Data segment ▸
• • •

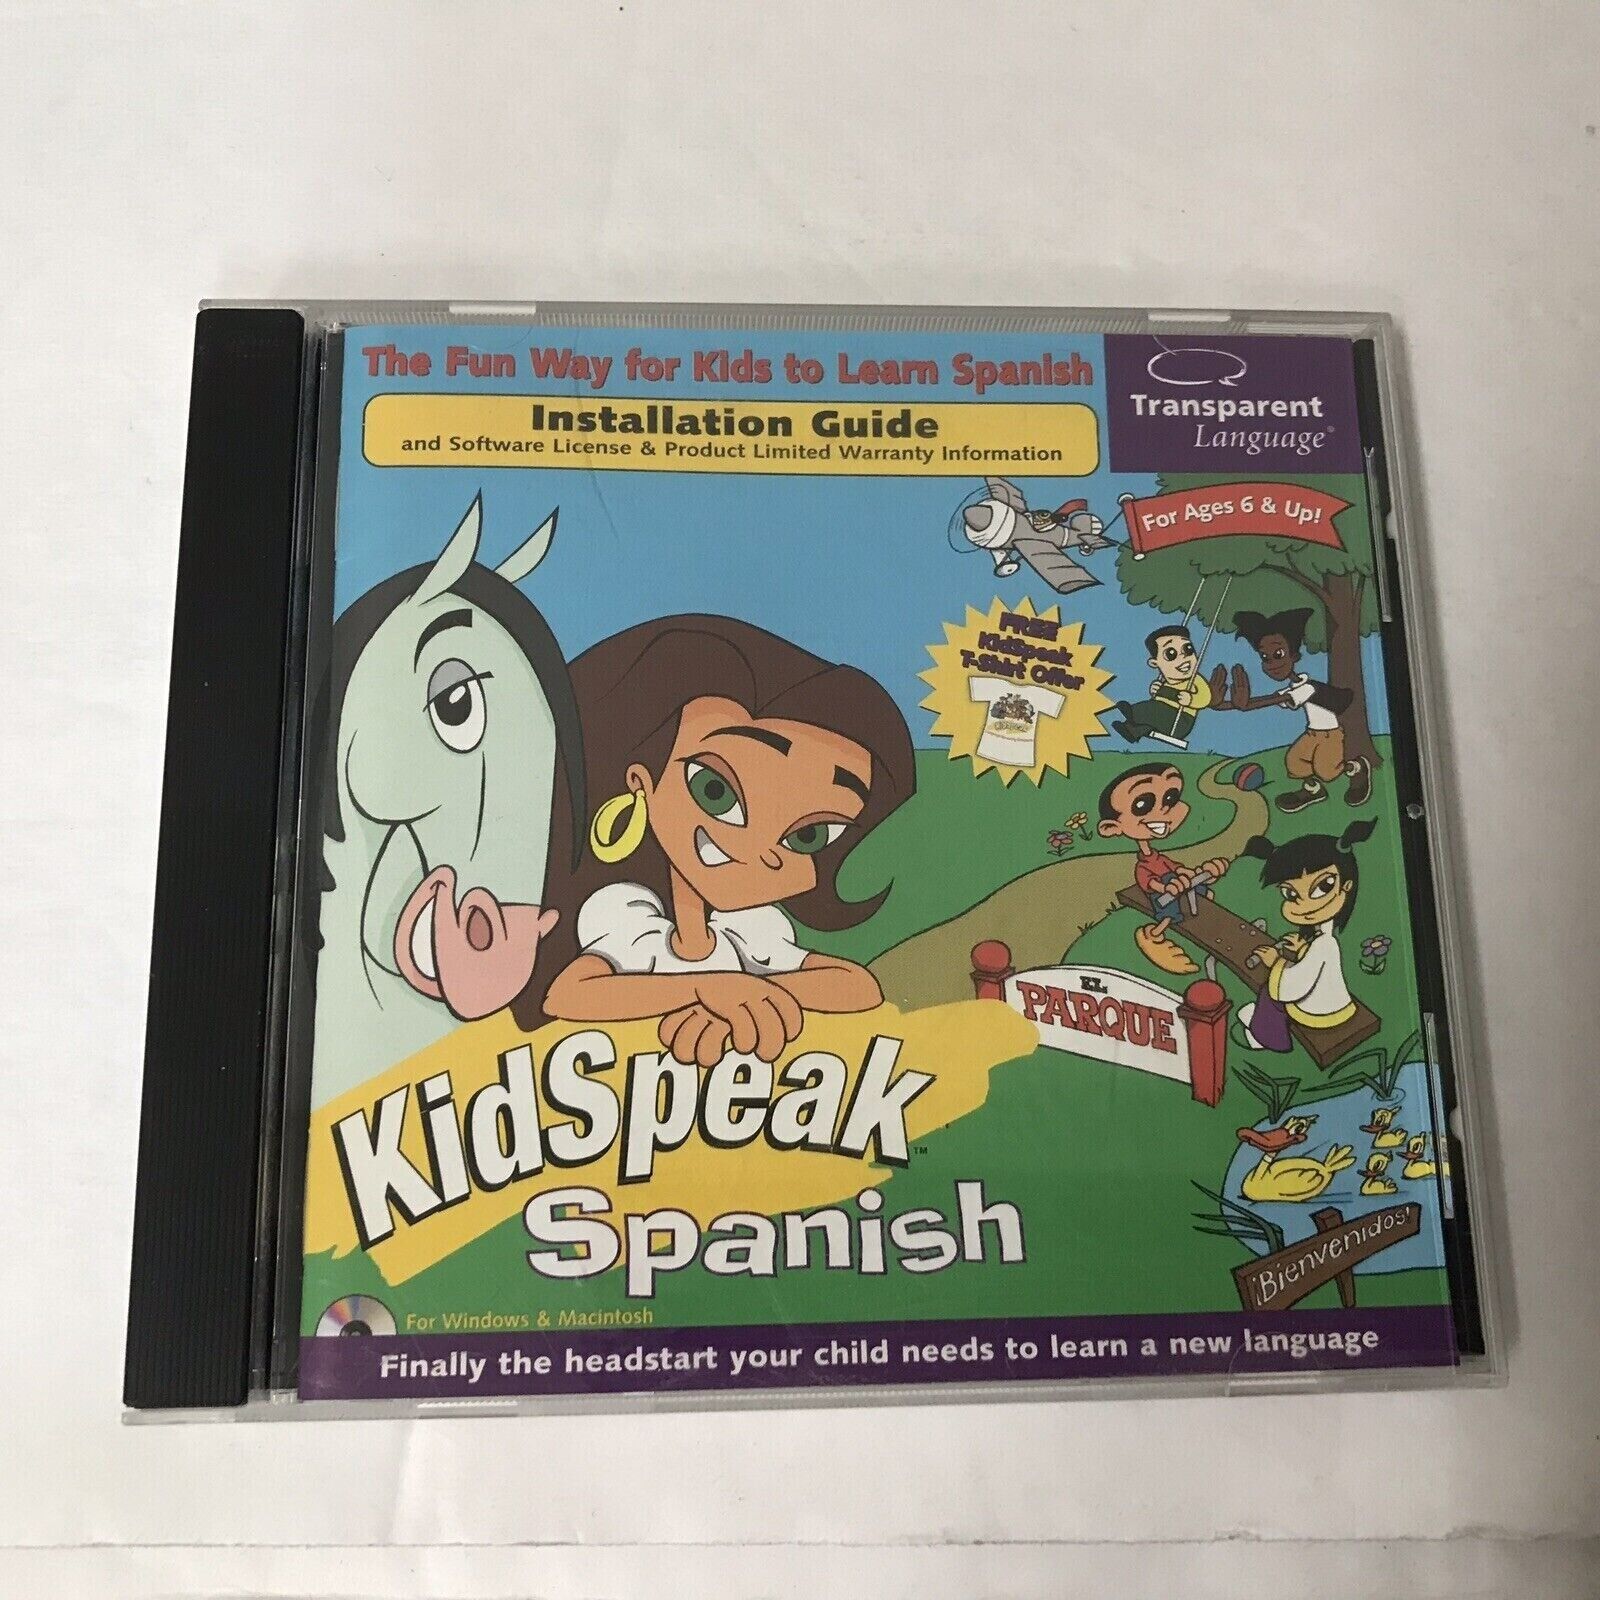 KidSpeak Spanish PC MAC CD Transparent Language Vintage Software
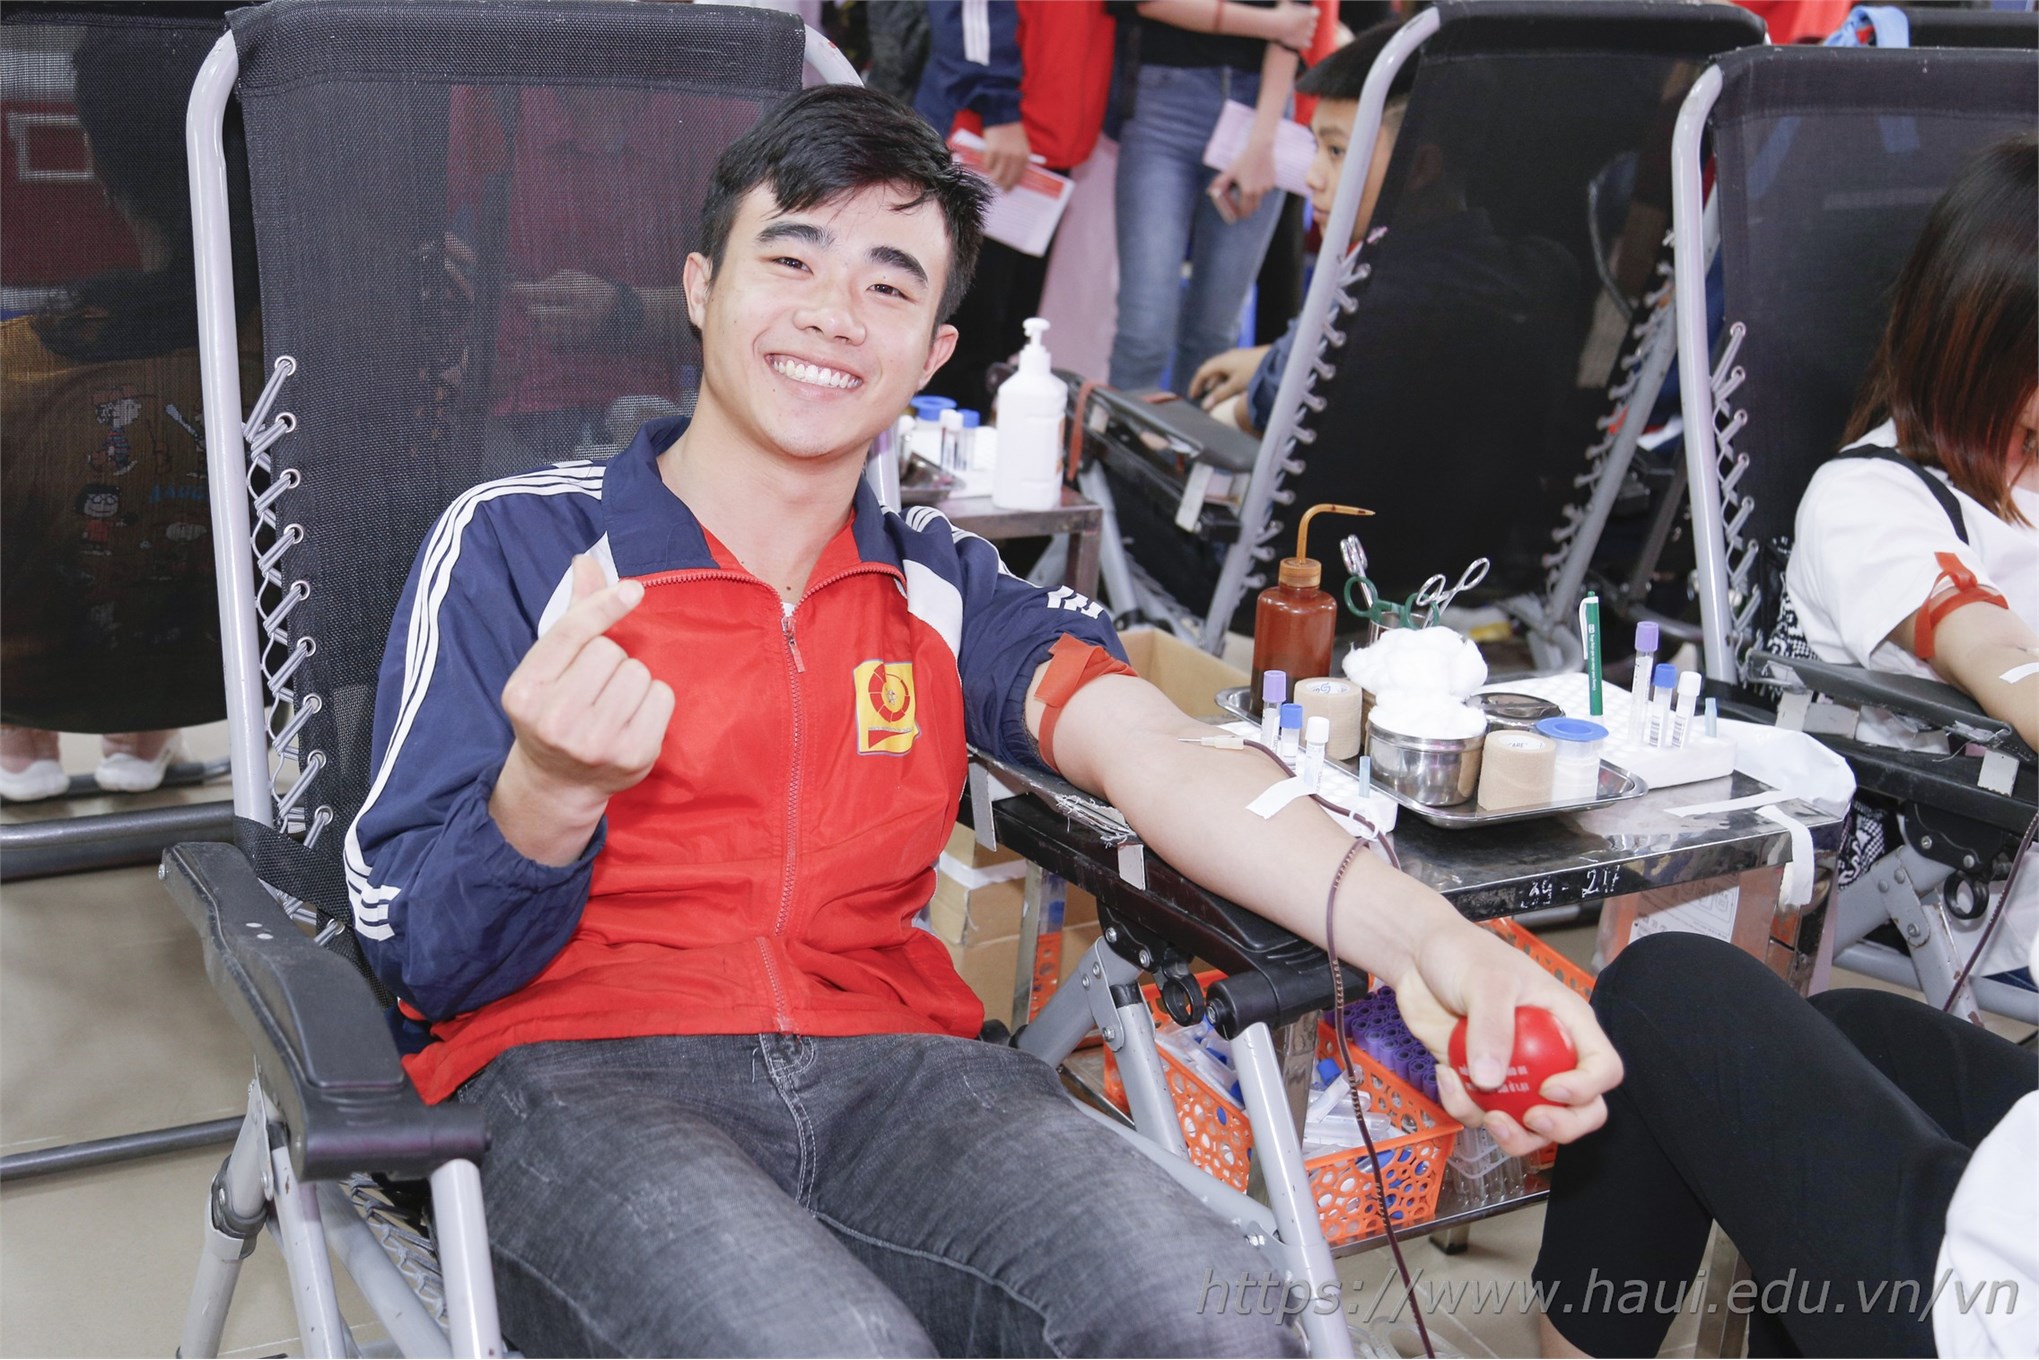 Cán bộ, giảng viên và sinh viênTrường Đại học Công nghiệp Hà Nội hiến tặng gần 2000 đơn vị máu tại Ngày hội Xuân hồng năm 2019
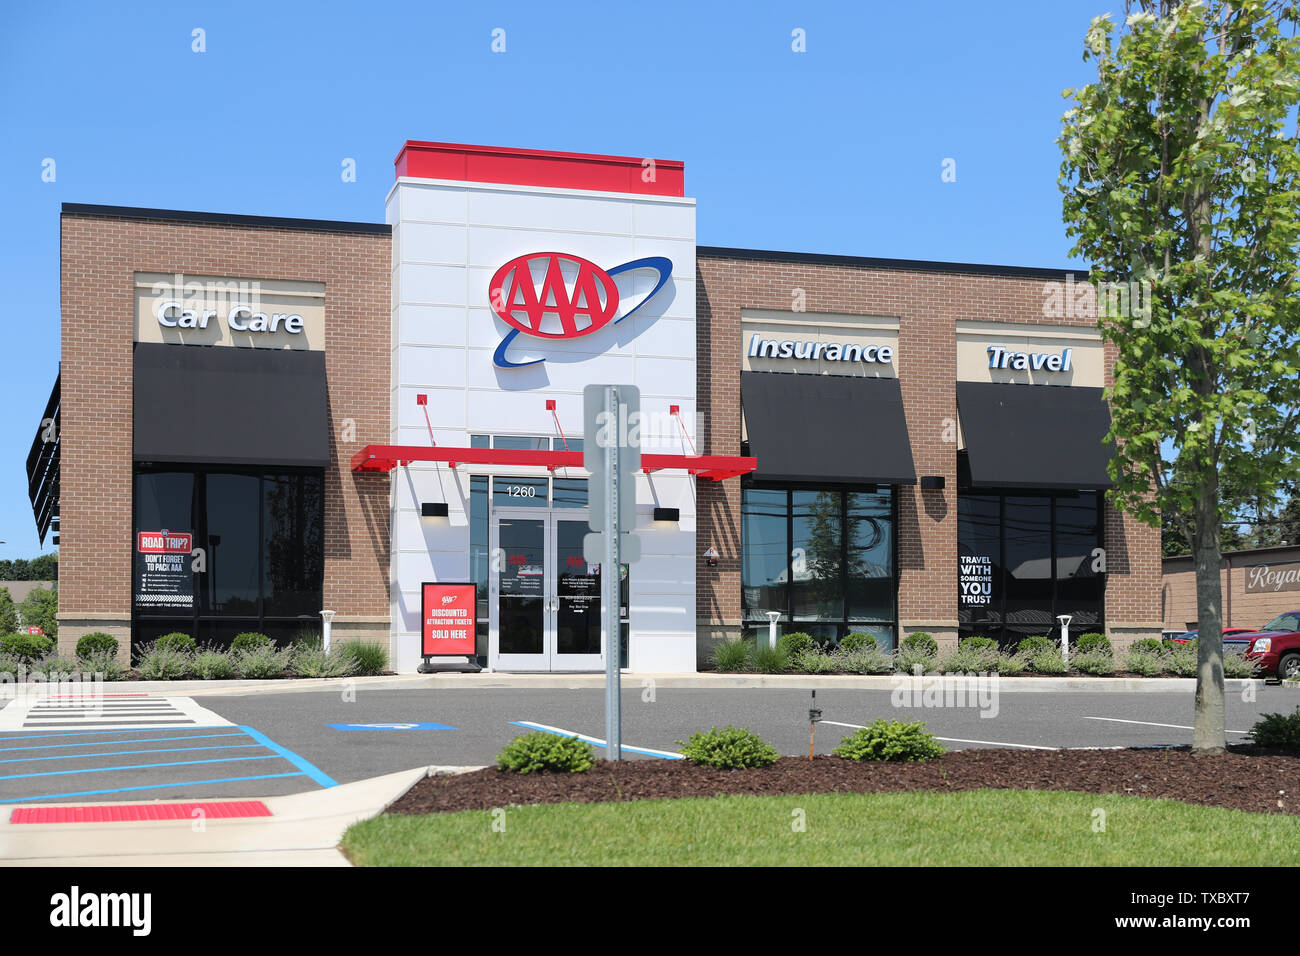 La Princeton New Jersey - le 23 juin 2019:Logo pour l'American Automobile Association (AAA) à l'extérieur d'un bâtiment de bureaux de l'entreprise - Image Banque D'Images
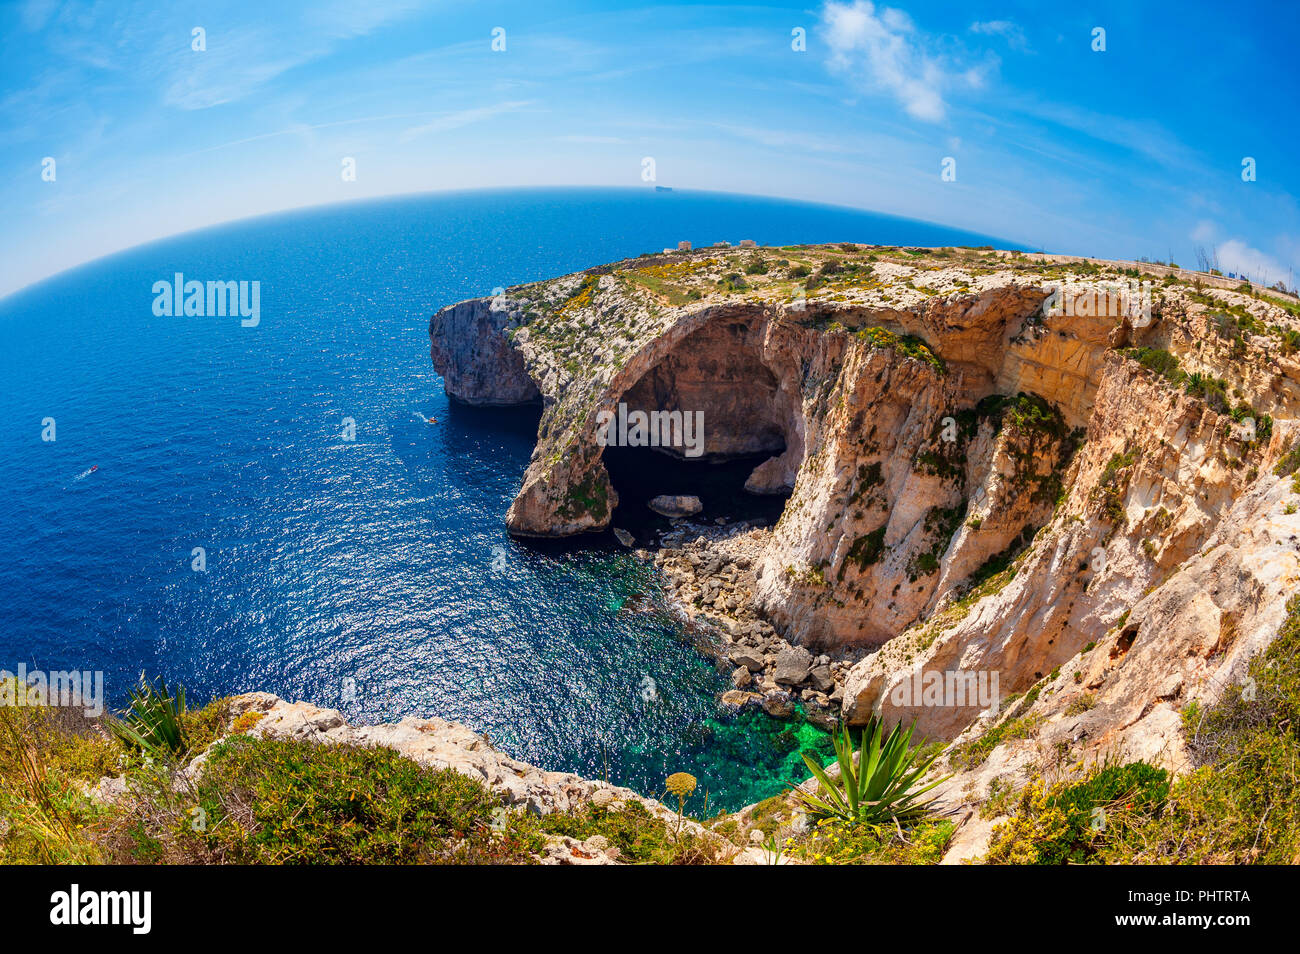 Fischaugenobjektiv, die Blaue Grotte in Malta im Frühjahr Stockfoto

• • •

What the task asks ▸
Pictures stay out; reproduce exactly the lines from the one containing "Cán bộ, giảng" through the end of the data.

Output of the exercise ▸
 Cán bộ, giảng viên và sinh viênTrường Đại học Công nghiệp Hà Nội hiến tặng gần 2000 đơn vị máu tại Ngày hội Xuân hồng năm 2019
 La Princeton New Jersey - le 23 juin 2019:Logo pour l'American Automobile Association (AAA) à l'extérieur d'un bâtiment de bureaux de l'entreprise - Image Banque D'Images
 Fischaugenobjektiv, die Blaue Grotte in Malta im Frühjahr Stockfoto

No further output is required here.